And proceeded to save my life…
Eleven long days ago I underwent robotic surgery on my throat cancer and the procedure was far more than either I or my medical team expected. Complete tonsillectomy and base of tongue tumor removal with right side neck dissection ended up with an excision that went more than halfway under my tongue. An expected three hour procedure went on for five hours, and the results were very reassuring, but…
I was sent the long 250miles home two days later with many instructions on do’s and don’t’s but was especially warned not to cough, sneeze, and especially not vomit, as the result could be serious bleeding which in the extreme could be fatal.
My body did not accept the drugs I was prescribed. My swallowing lessons did not adequately prepare me for what I was faced with. Nausea, heartburn, chest congestion, and dehydration invaded my life.

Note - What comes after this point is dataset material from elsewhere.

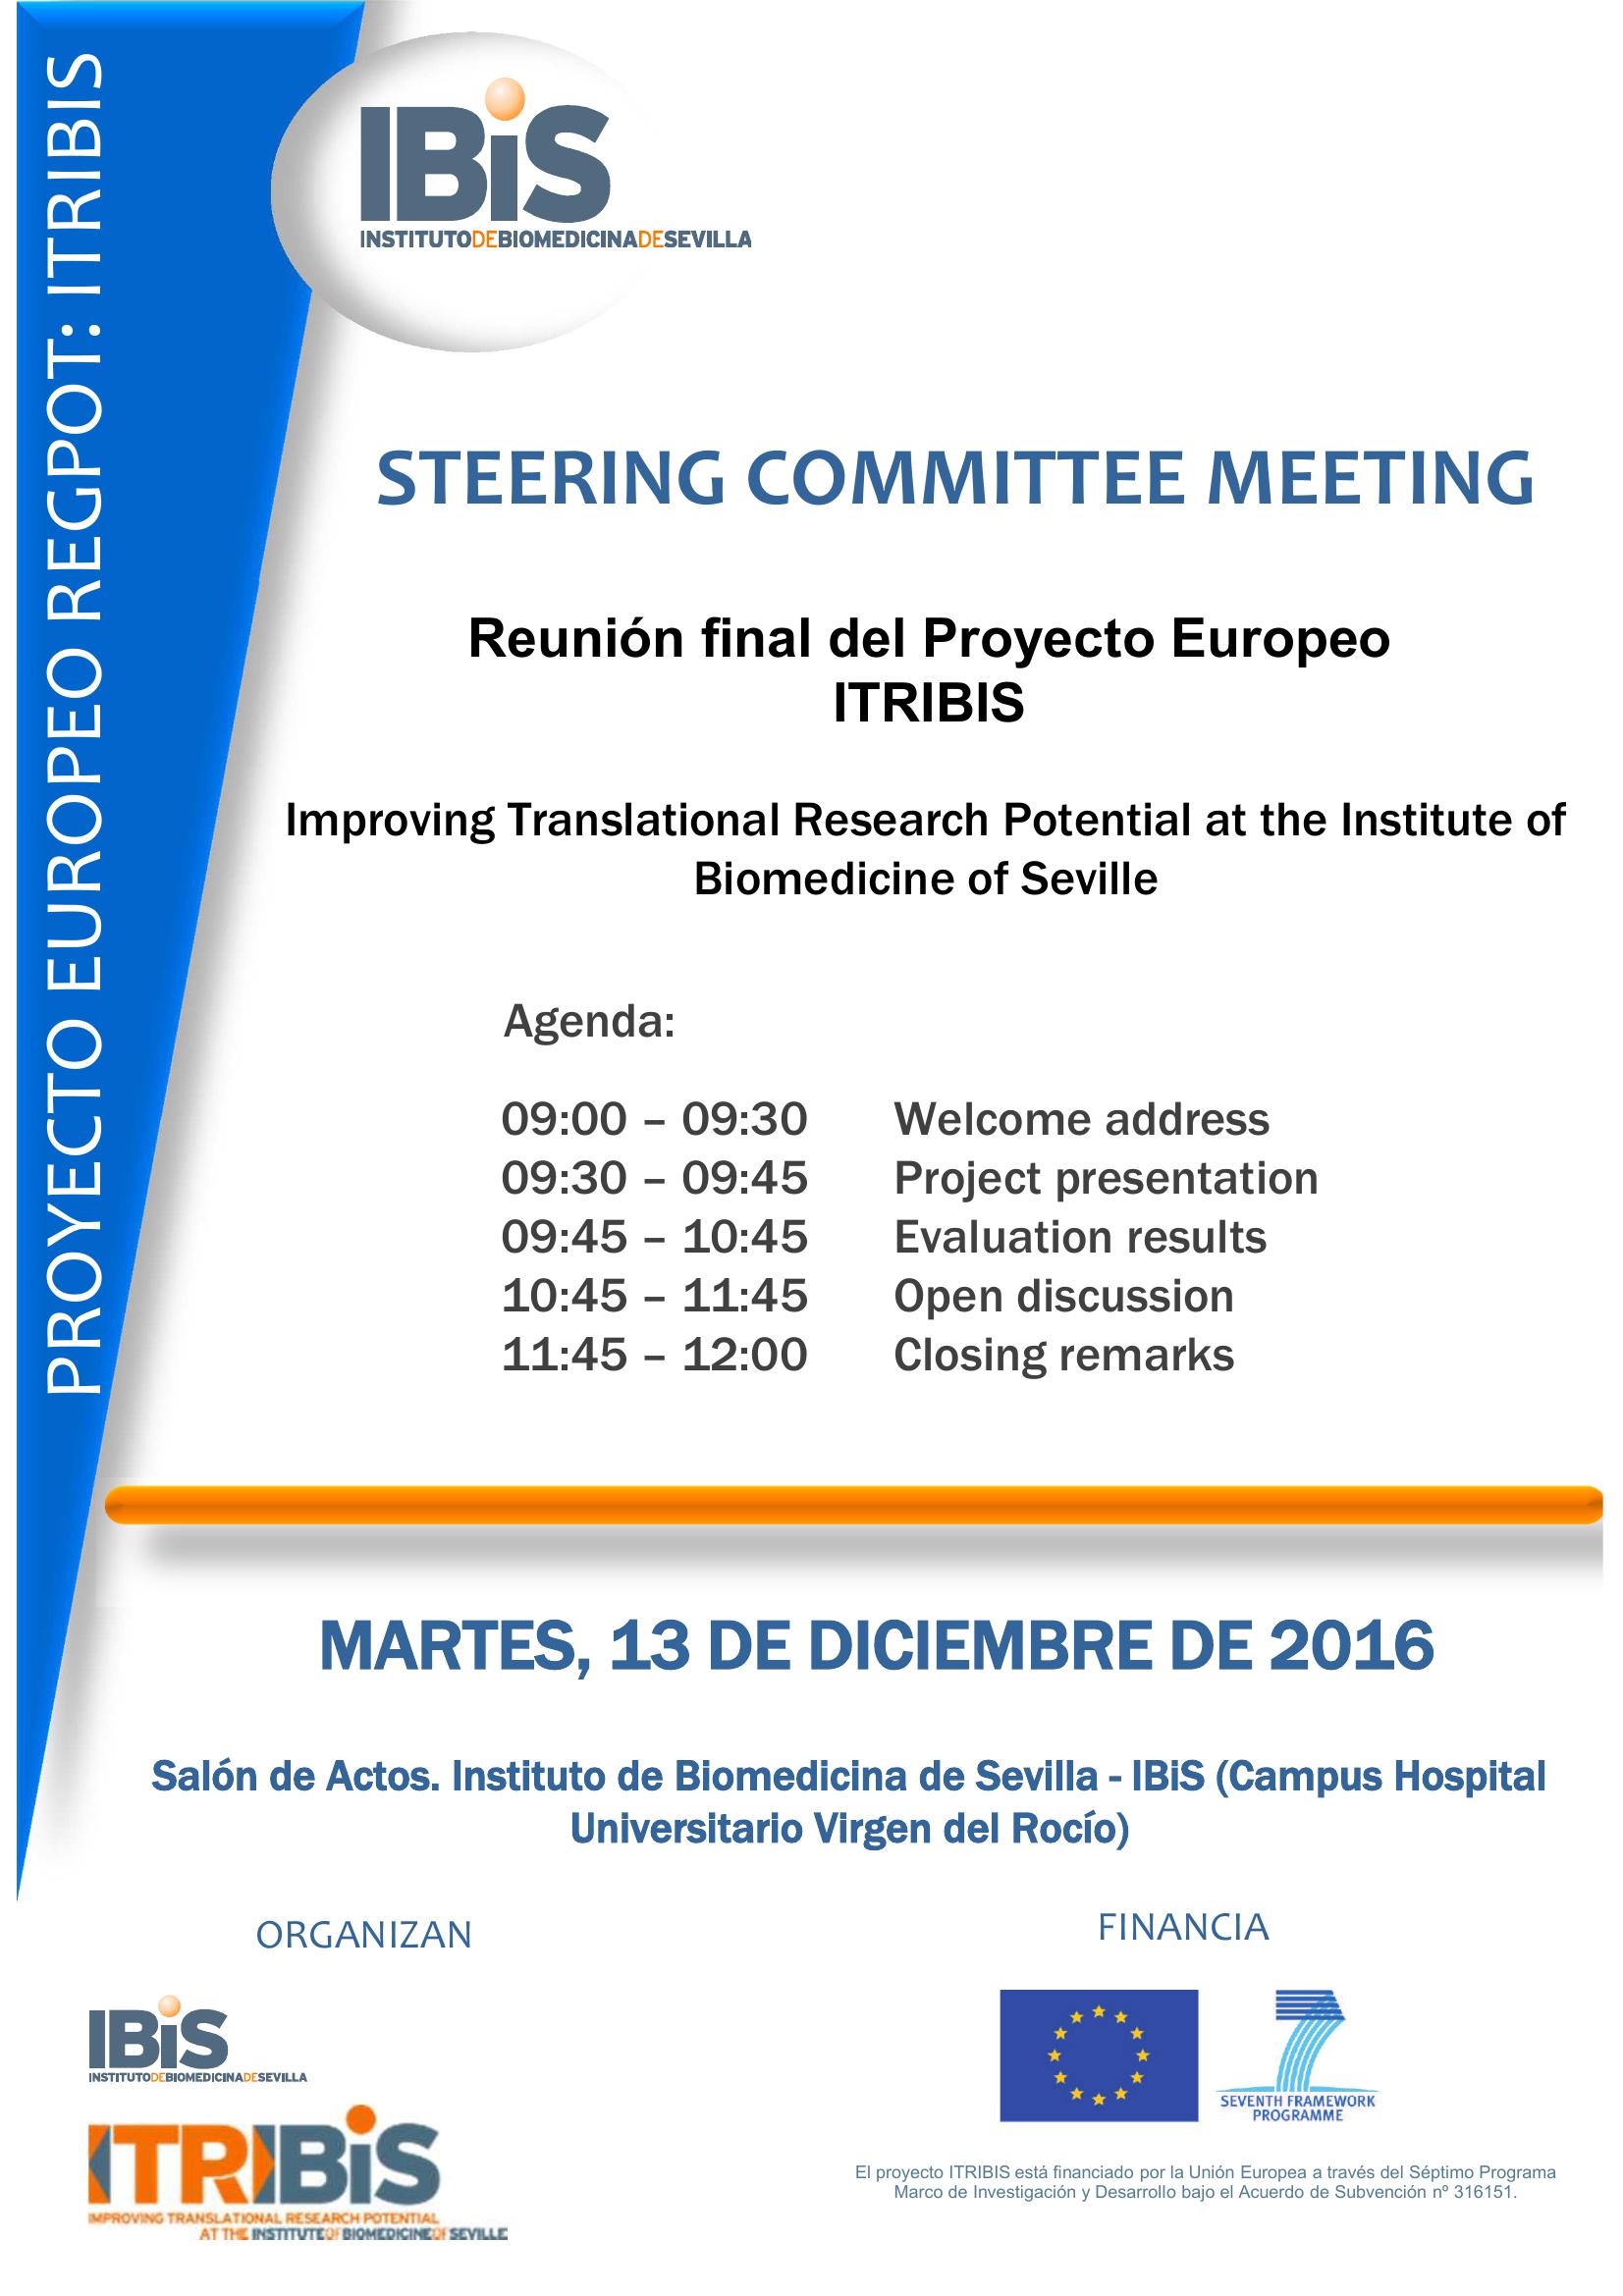 Poster: Reunión final del Proyecto Europeo ITRIBIS

At home, four long days of living one minute to the next of pills, heartburn, nausea, choking sips of water, agonizing swallows of miniscule amounts of pureed food interspersed with don’t cough, don’t vomit, repeat over and over as I wasted away. Seven days after my procedure, fifteen pounds lighter than before, my fate spilled out before my eyes. A little cough broke through my flagging resolve and delivered a mouthful of blood...followed by more.
One am, thirty miles to the hospital, my wife hustled me to the car and off we went.
There is something special about blood running from your mouth. It gives you a unique perspective on life. Things felt but never expressed clamor for dominance in your mind. But primary are the thoughts that are necessary to survival. Don’t swallow blood or you will vomit and make it worse. Don’t let it get in your lungs or you will cough and tear things up in your throat. Try not to die…It is so very red...it tastes so wrong.
A 911 call on route, an ambulance beside the road, all that was left of the comfort of my wife a lone pair of headlights as she followed in her private capsule of fear for the question marks stamped all over our future...or her future.
Finally, at the hospital, the hive started buzzing as the calls were made, the plumbing applied, the team brought from slumber to precision.
The operating floor was eerily quiet as the members of the surgical team emerged. First, the surgeon, an Asian, assessed and explained as a plan evolved. Then the anesthesiologist, an Arab with an unpronounceable name clasped my hand and an energy crackeled between us...maybe a spark of Allah... as I told him it was a privilege to put my life in his hands. His assistant, Mr. Something Something-stein, a Jewish man spared a tired smile as he attended to his role.
Then the others, an African- American and two Caucasian presumed nurses...but maybe doctors...who cares?
Sedation was delayed to the last second as my blood, now slowed to a trickle, continued to flow into my gut, threatening to erupt, to transform from sustainer to terminator.
And then the operating room, the maze of their tools, so familiar to them and so alien to myself. Then a voice floated on air...”breathe deeply...breathe deep” as I drifted into their hands.
I am back now, transformed, evolved. My heart swells and my eyes leak unbidden. Oh that group of earthlings...so diverse but so united of purpose...to save me...this meagre scrap of humanity from death for a time unmeasured. Spiritual giants giving another chance, more time to get things right, to express my love.
I have no room for hate or resentment, the best I can spare is pity. During my stay at the hospital I was surrounded with beauty. There was the team leader doctor, a beautiful woman...Pakistani...perhaps from India, who flowed in and peeked down my throat, studied my chart, asked of my welfare and flowed on with her entourage in tow to the next speck of suffering, and on and on.
There was the young lady from Guatemala who cleaned my room, emptied my trash, and shyly accepted my gratitude with halting, broken English conversation when asked of her life.
The nurses, the doctors, the swallow coach, the physical therapist, the dietician, all there to patch me up, to plug up my leaks, to coax me to health, to give of themselves in service to another suffering traveler through time.
God is not some scary Dude far away in the sky. God walked in and out of my life inside each one who cared, each one who gave, each one who helped heal a broken body and a troubled spirit.
Look around you, He is all around you...He is inside you...waiting to be poured out when you learn how to love.